==== Data for the task ====

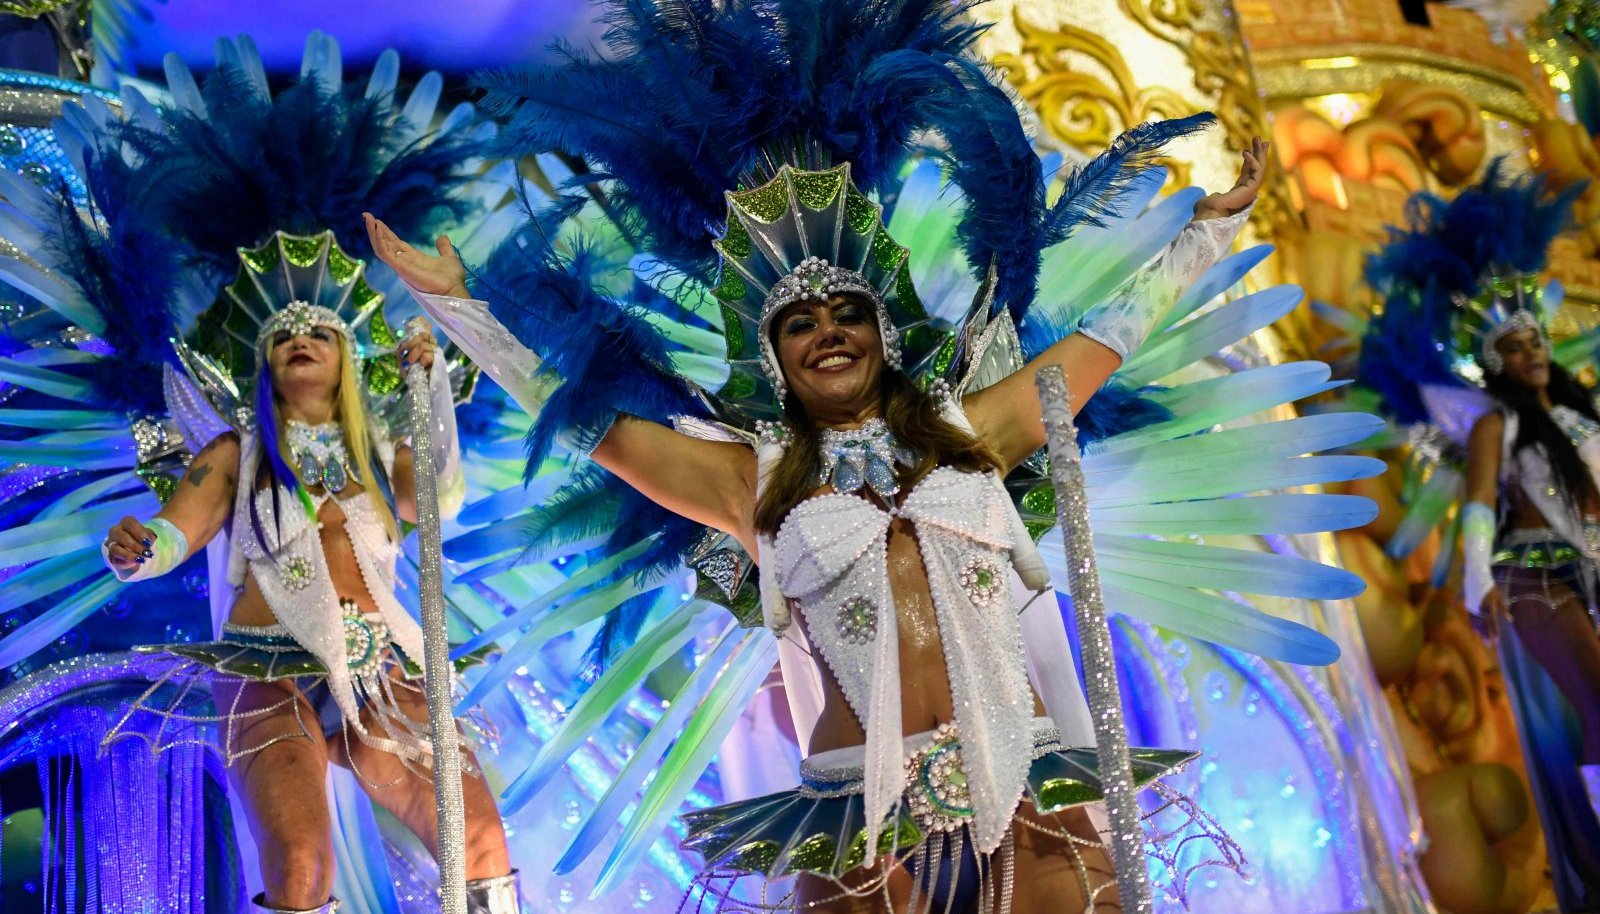 Звезды карнавала. Бразильский карнавал в Рио-де-Жанейро. Карнавал в Рио-де-Жанейро 2022. Карнавал в Рио-де-Жанейро (бразильский карнавал). Бразилия фестиваль Рио де Жанейро 2021.
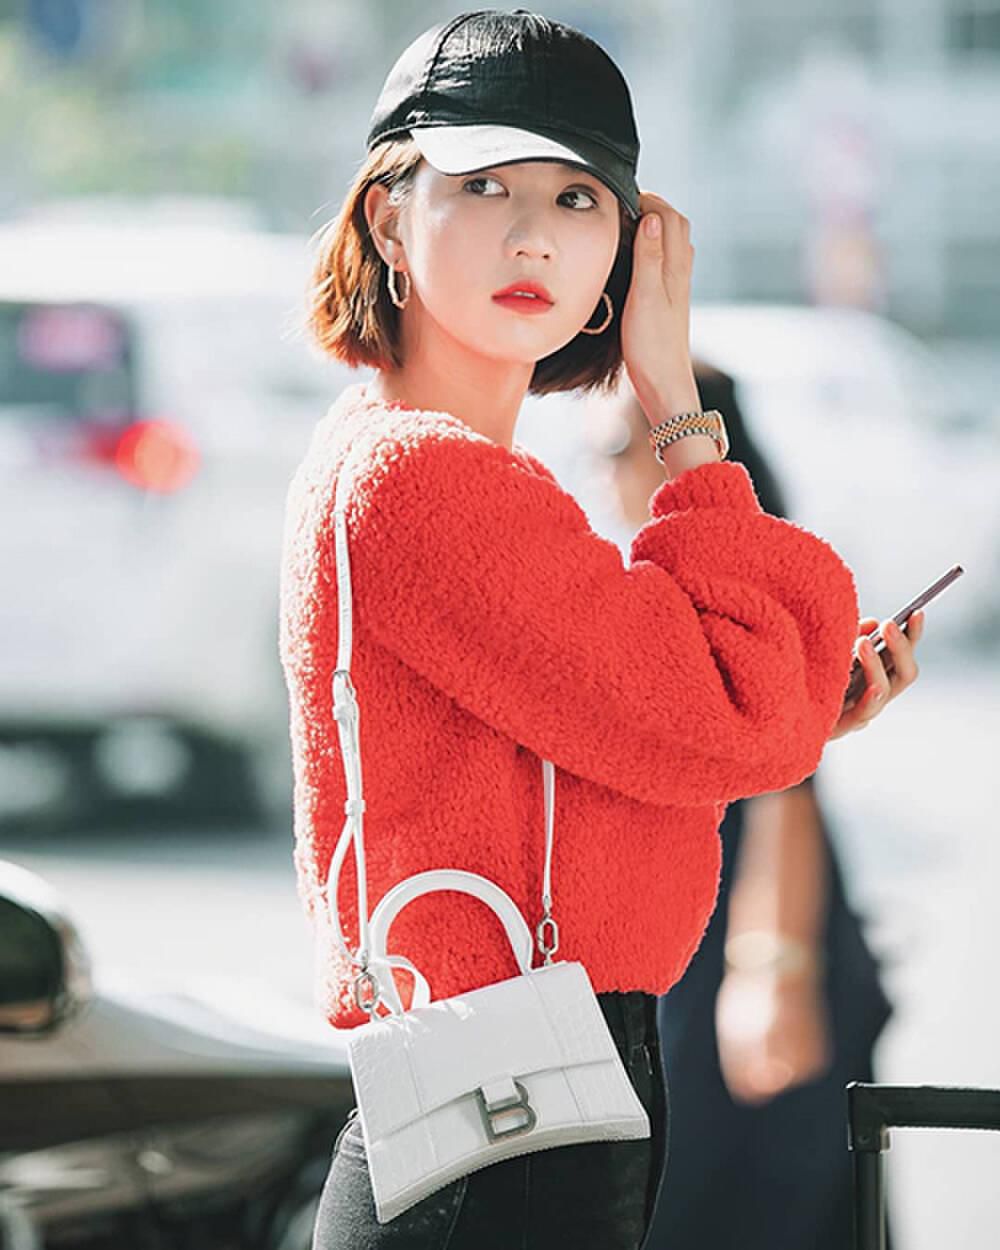 Người đẹp chọn cho mình kiểu áo sweater nổi bật với logo Chanel, kết hợp túi Balenciaga tạo nên diện mạo ấn tượng.
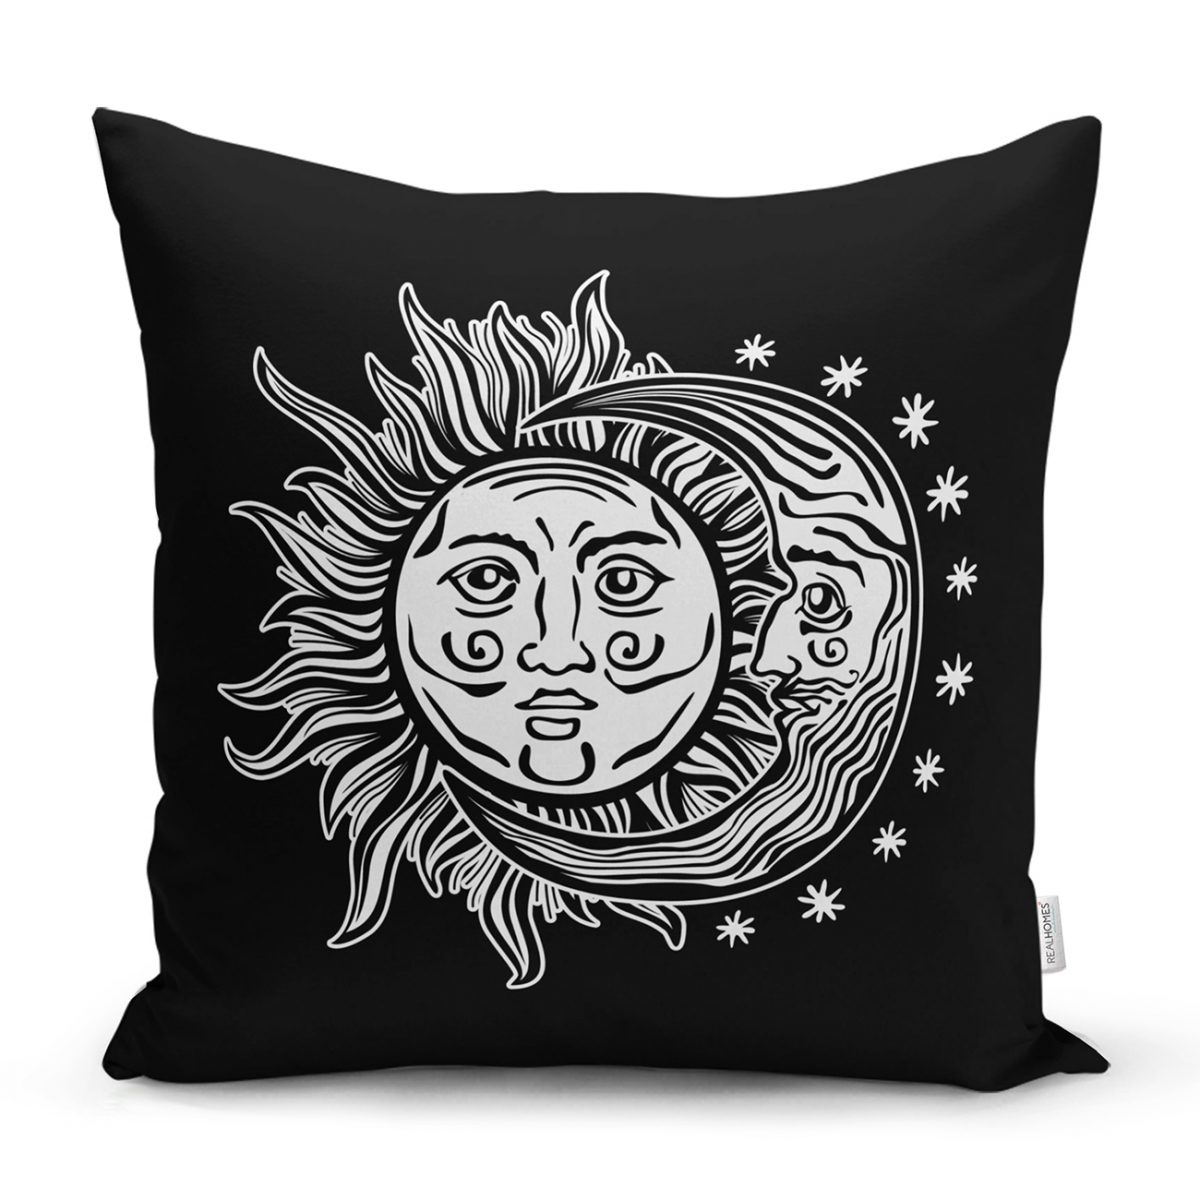 Güneş Ay Yıldızlı Dekoratif Kırlent Kılıfı Realhomes
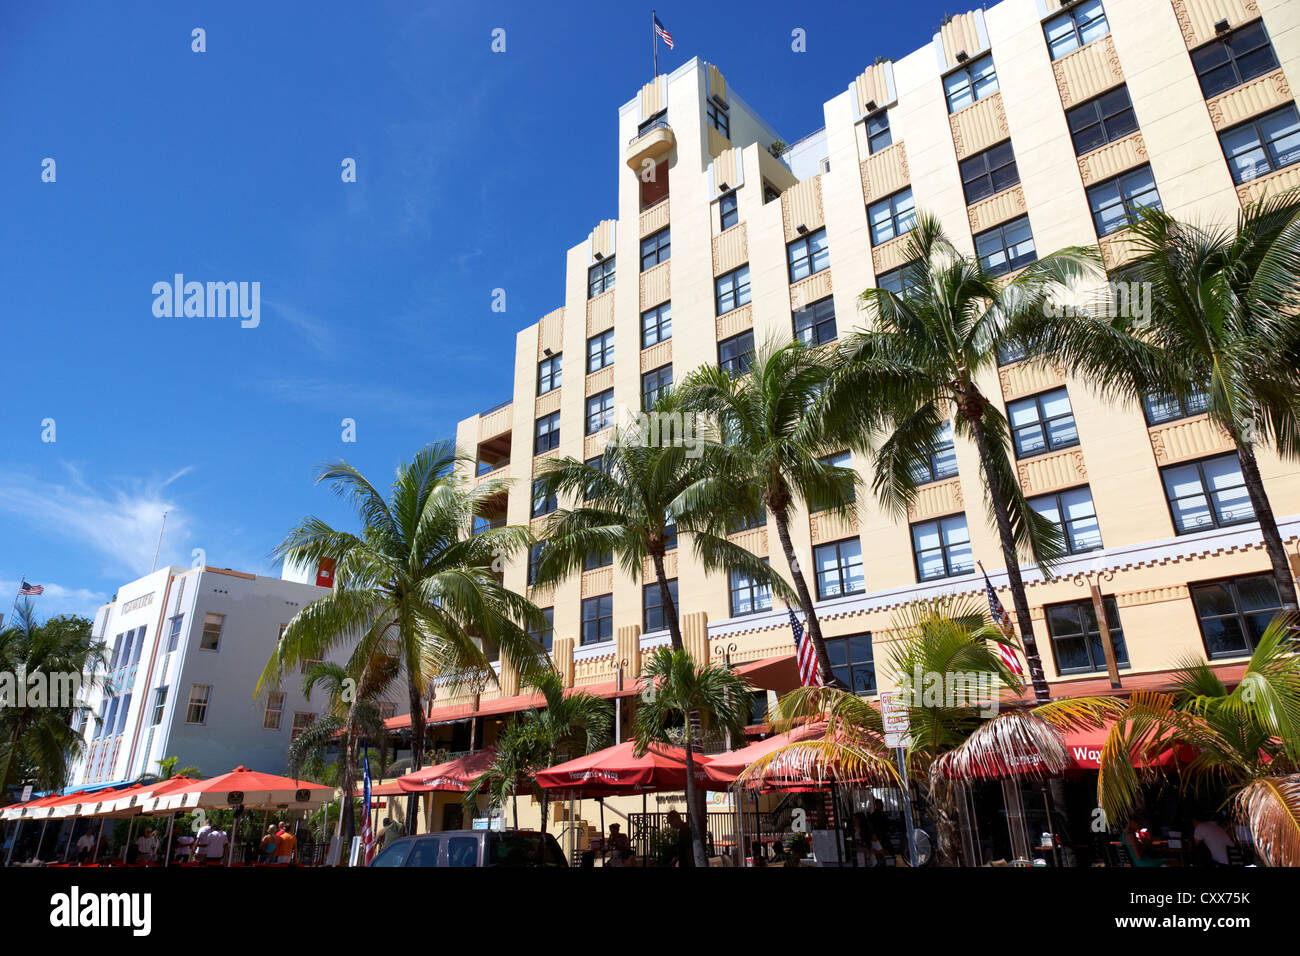 Hôtels et bars dans le quartier art déco historique Ocean drive Miami South beach floride usa Banque D'Images
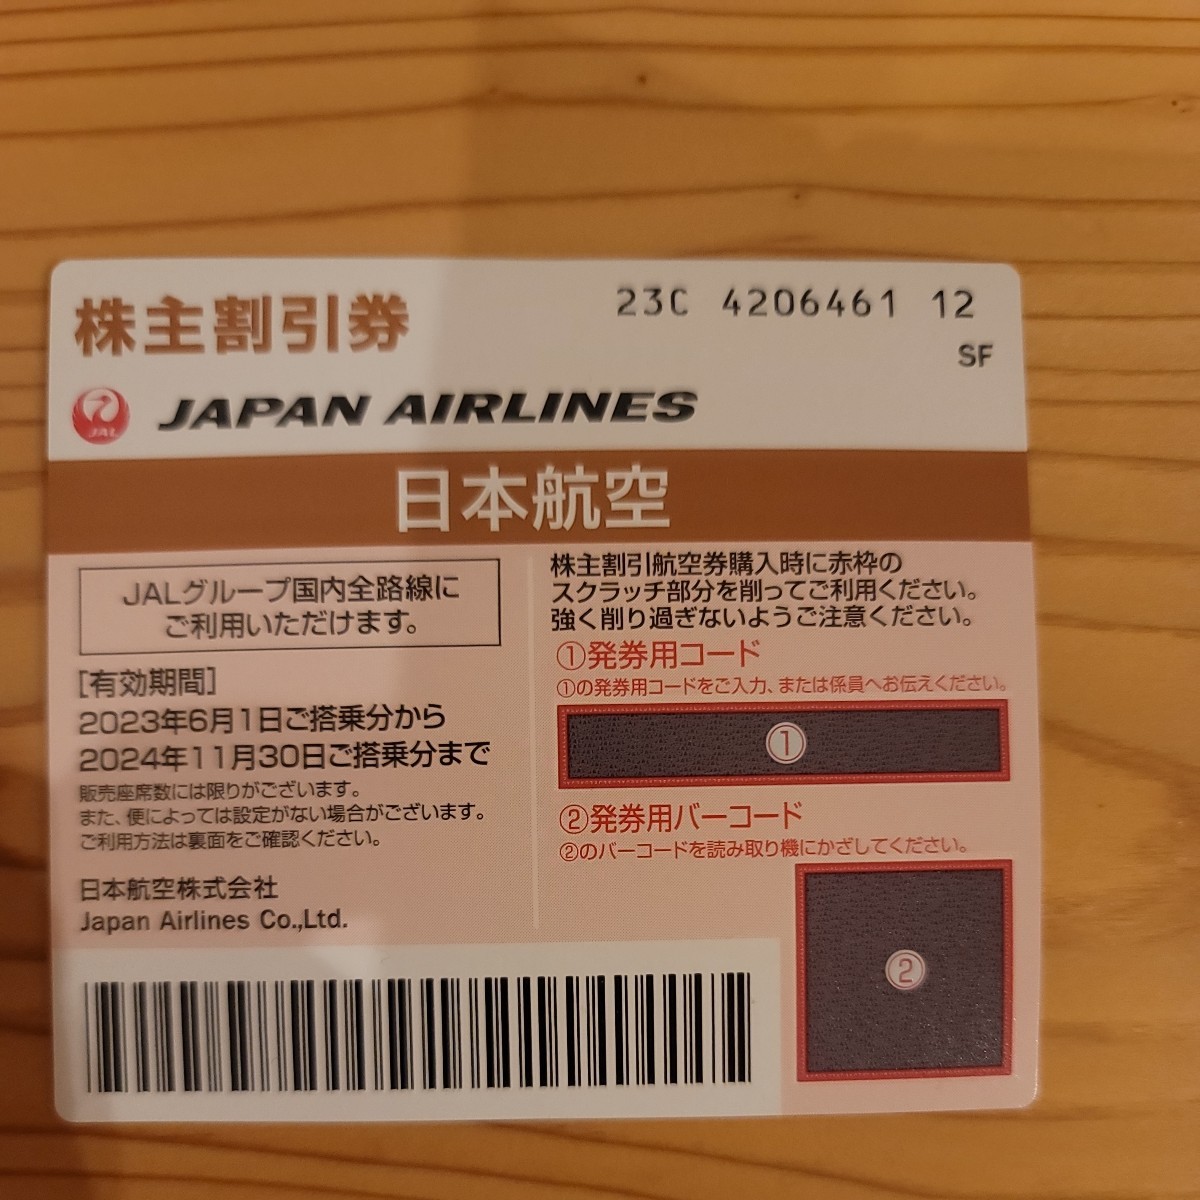 最安値挑戦 最安値 JAL フライト 国内線 交換可能なマイル 特典航空券 日本航空 株主優待
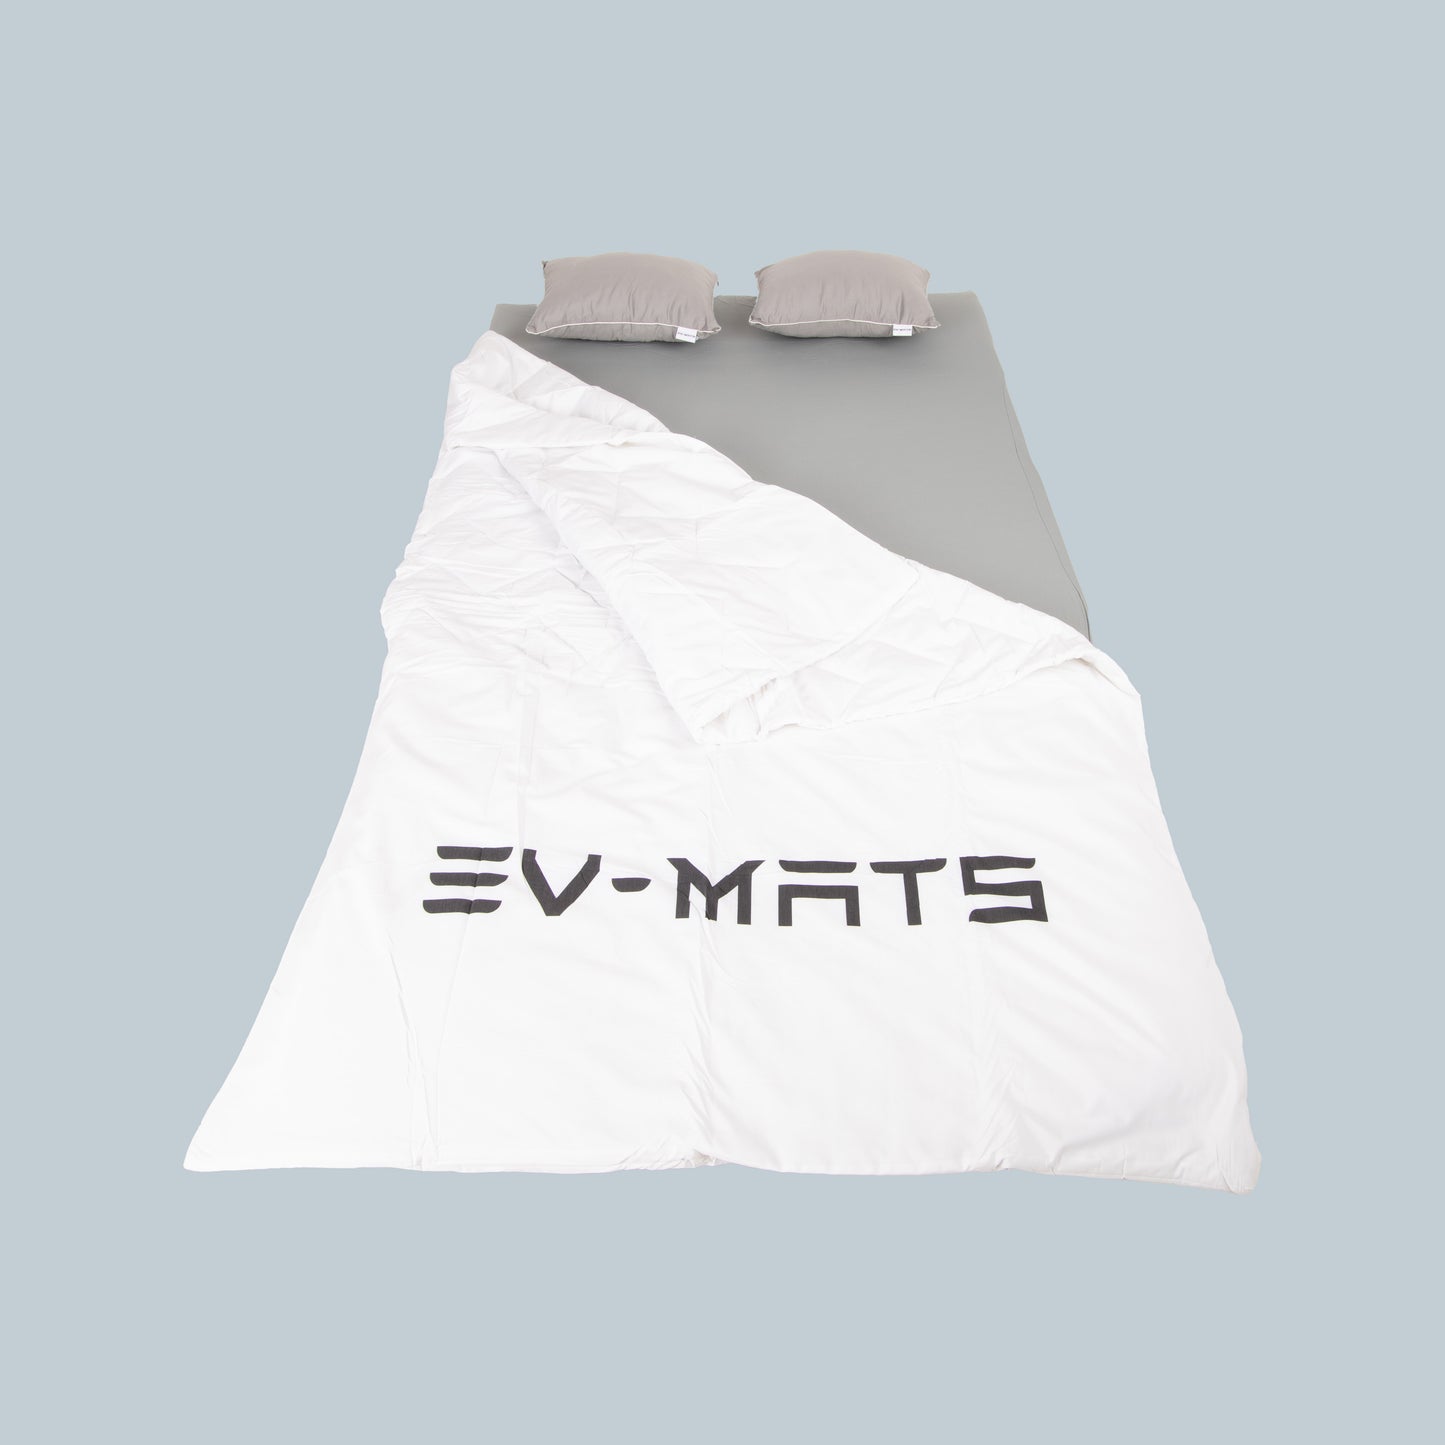 EV-MATS Basic CAMP SET za Tesla Model Y uključuje Tesla madrac, vodootporna torba koja se uklapa u stražnji prtljažnik Tesla Modela Y, plahtu, dekicu, 2 jastuka i jastučnicu

====

*Required work*
Write out exactly, and only, the lines from the line holding "最安値挑戦 最安値 JAL" through the end of the data, inclusive, without any pictures.

*Solved problem*
 最安値挑戦 最安値 JAL フライト 国内線 交換可能なマイル 特典航空券 日本航空 株主優待
 EV-MATS Basic CAMP SET za Tesla Model Y uključuje Tesla madrac, vodootporna torba koja se uklapa u stražnji prtljažnik Tesla Modela Y, plahtu, dekicu, 2 jastuka i jastučnicu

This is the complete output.